On July 22, 2019, claimant applied for unemployment insurance benefits, citing the lack of work at her part-time job. The Department of Labor determined that claimant was eligible to receive benefits. The school district objected, arguing that claimant had provoked her discharge for failing to complete the required 20 days of per diem work. After a hearing, an Administrative Law Judge and, thereafter, the Unemployment Insurance Appeal Board, affirmed the initial determination, finding that, as a per diem employee, claimant's employment relationship with the school district ended on her last day of work, June 25, 2018. As such, claimant did not have an employment relationship with the school district at the time that she applied for benefits, and could not be found to have provoked her discharge or voluntarily quit. The school district appeals from that determination.

Given that substantial evidence supports the Board's determination, it must be affirmed. The narrow issue presented is whether the Board correctly determined that claimant, a per diem employee who was last employed by the school district on June 25, 2018, did not thereafter cause her discharge or voluntarily quit by not pursuing avenues to renew her per diem eligibility.[FN1] As the Board found, on the days that claimant had an employment relationship with the school district, she did not engage in misconduct, was not discharged and did not quit (compare Matter of Young [Commissioner of Labor], 263 AD2d 821, 821-822 [1999]). When she applied for unemployment insurance benefits, she no longer had an employment relationship with the school district, which had advised her that she would not be renewed in that role based upon her noncompliance with the 20-day work requirement during the prior school year. Moreover, the school district did not establish that it was compelled to discontinue claimant's status as a per diem teacher on that basis (see Matter of DeGrego [Levine], 39 NY2d 180, 183-184 [1976]). Accordingly, we discern no grounds upon which to disturb the Board's finding that claimant was entitled to benefits and that wages paid to [*2]her by the school district can be used to establish a future claim for benefits.

Egan Jr., J.P., Clark, Aarons and Reynolds Fitzgerald, JJ., concur.

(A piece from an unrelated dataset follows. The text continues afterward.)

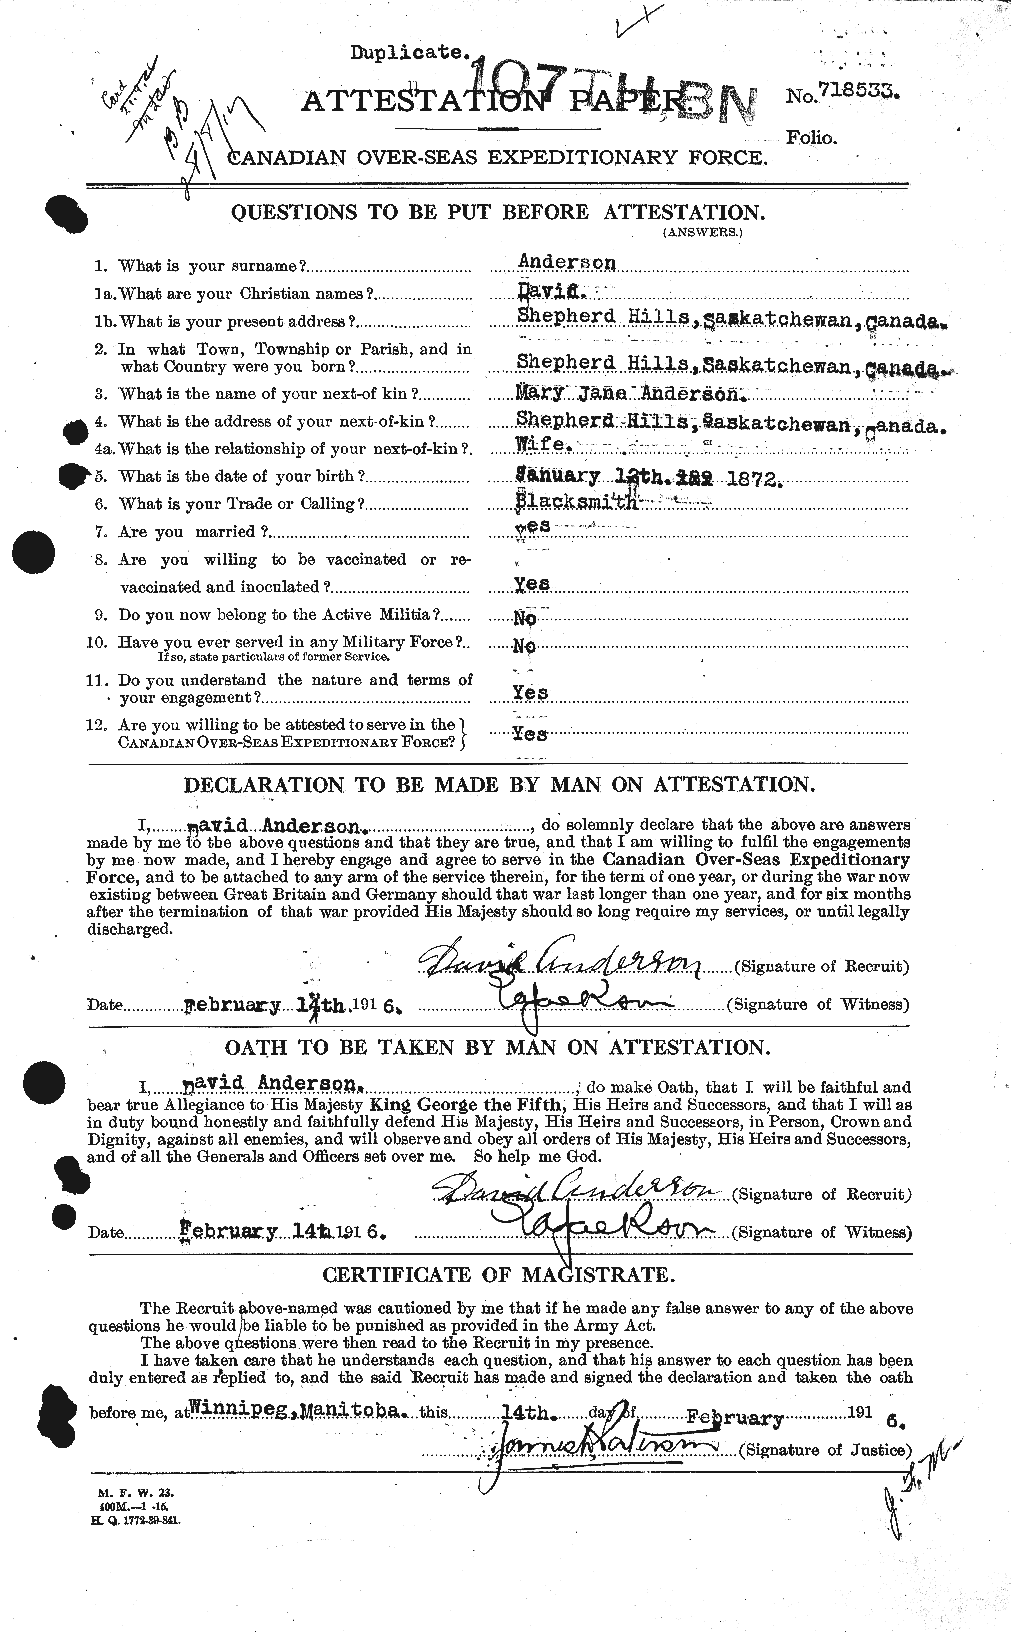 Personnel Records of the First World War - CEF 210021a

ORDERED that the decision is affirmed, without costs.

Footnotes

Footnote 1: The school district did not argue that it had provided claimant with reasonable assurance of continued per diem employment (compare Labor Law § 590 [10]; Matter of Gracy [Commissioner of Labor], 182 AD3d 871, 872-873 [2020]; Matter of Felipe [New York City Sch. Dist.-Commissioner of Labor], 175 AD3d 1698, 1699 [2019]).